One possibility is that these abnormalities originate from mature granule cells in humans. In the case of mossy fiber sprouting, rodent studies demonstrate that granule cells up to 2 months old can contribute (8), so it is conceivable that much older granule cells (i.e., years) may be able to do so in humans. Rodent studies also demonstrate that granule cell dispersion affects mature cells. Other abnormalities, however, originate almost exclusively from newborn cells in rodents. These include the formation of aberrant dendrites and the mismigration of granule cells to the dentate hilus. This finding makes their presence in human tissue more difficult to explain. Nonetheless, it is possible that distinct mechanisms may be able to produce anatomically similar pathologies.
Second, there is agreement that neurogenesis continues in the dentate gyrus throughout childhood in humans—perhaps into the teenage years. This raises the possibility that abnormal granule cells observed in adults with mTLE may have been generated much earlier in life. In patients with pediatric epilepsy, there could be a relatively tight temporal link between the accumulation of abnormal cells and disease onset. It is also conceivable that abnormal granule cells generated in childhood may lie “dormant” for years, leading to clinical epilepsy only after the occurrence of other age-related changes or in combination with other risk factors. Indeed, many known childhood risk factors for epilepsy, such as complex febrile seizures or status epilepticus, promote aberrant integration of newborn granule cells in rodents.

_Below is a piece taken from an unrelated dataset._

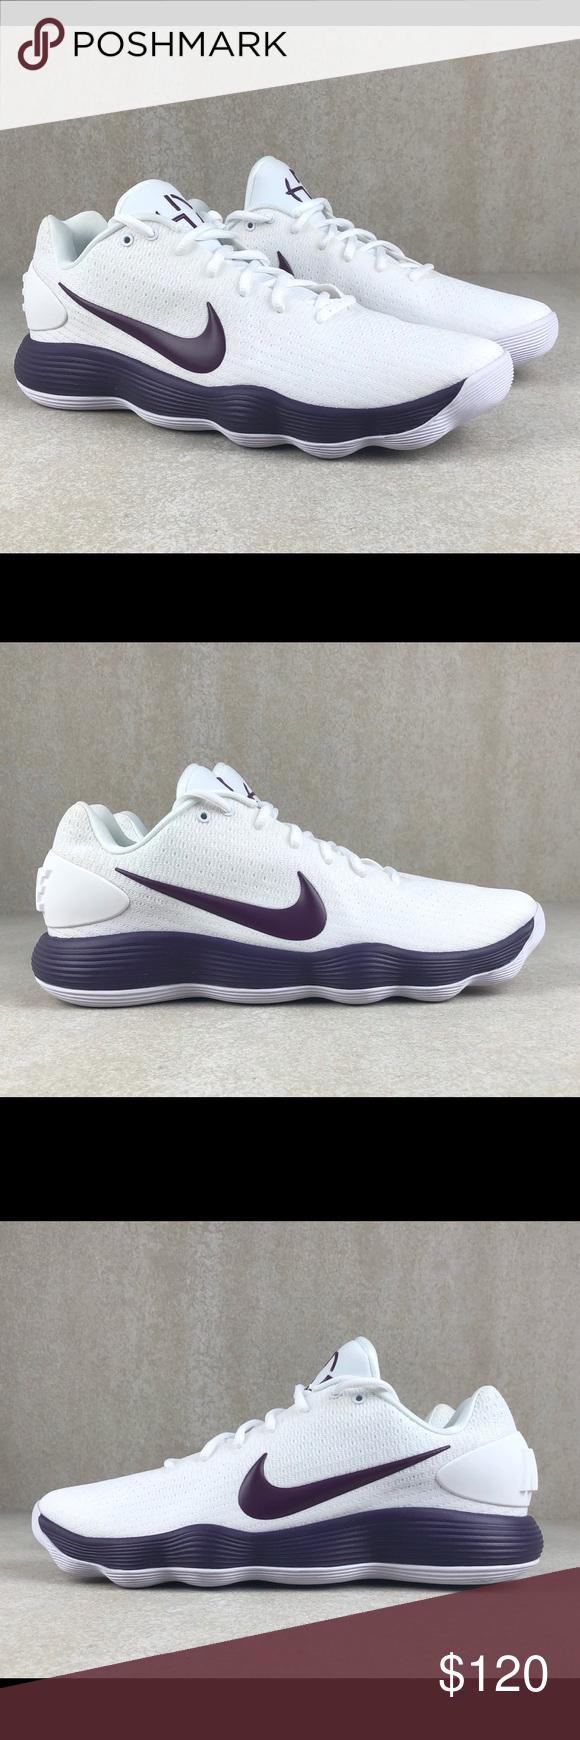 Nike Hyperdunk Low Purple White Basketball Shoes Nwt White Basketball Shoes Basketball Shoes Nike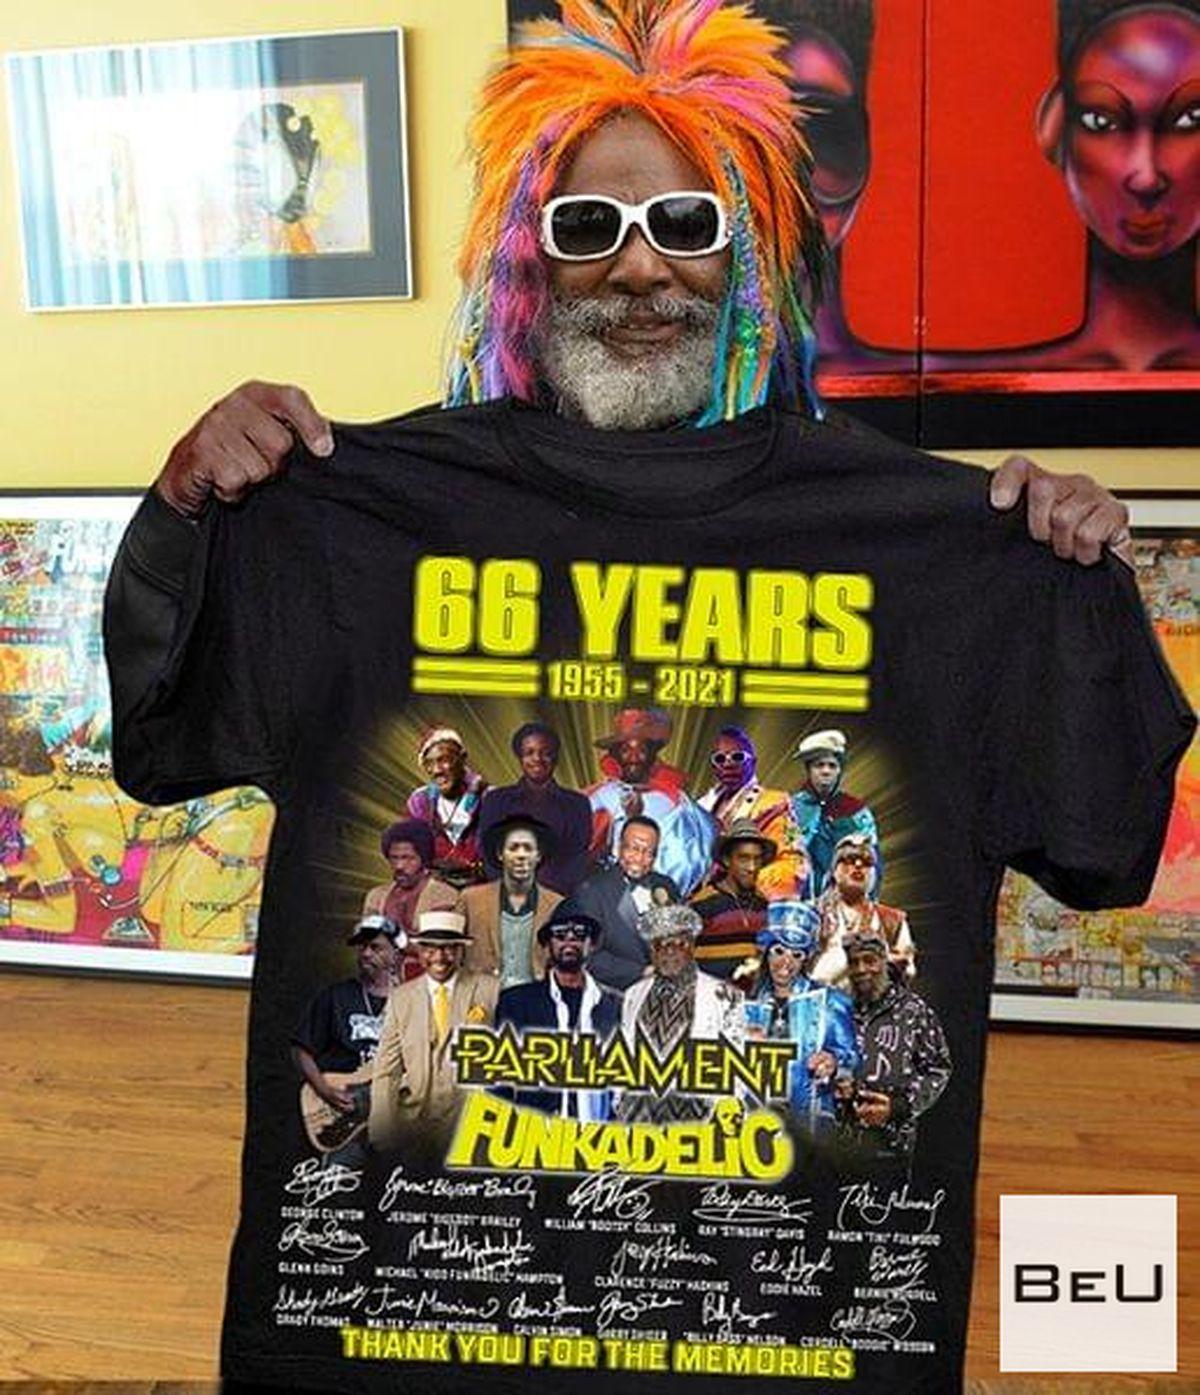 66 Years Parliament Funkadelic Thank You Shirt, hoodie, tank top

A third intriguing possibility stems from the observation that maturation of adult-generated granule cells occurs much more slowly in nonhuman primates than in rodents. In rodents, most newborn granule cells have downregulated immature neuron markers and begin expressing mature neuron markers by 1 month. In contrast, less than half of newborn granule cells in nonhuman primates achieve a similar maturational stage by 8 months (9). It is conceivable that cells may persist in these immature states for years. This is important for mTLE, because rodent studies have demonstrated that immature neurons exposed to an epileptogenic brain injury integrate abnormally (10). Therefore, even if adult neurogenesis has ceased in the human brain, residual populations of immature neurons may still be able to mediate epileptogenic rewiring of the dentate gyrus.
Given the difficulty of assessing adult neurogenesis in humans, controversy over the presence or absence of the phenomena is likely to continue for the foreseeable future. Regardless of their origin, however, abnormal granule cells are present in the brains of patients with mTLE. Understanding the functional impact of these cells on the etiology of epilepsy remains an important area of investigation.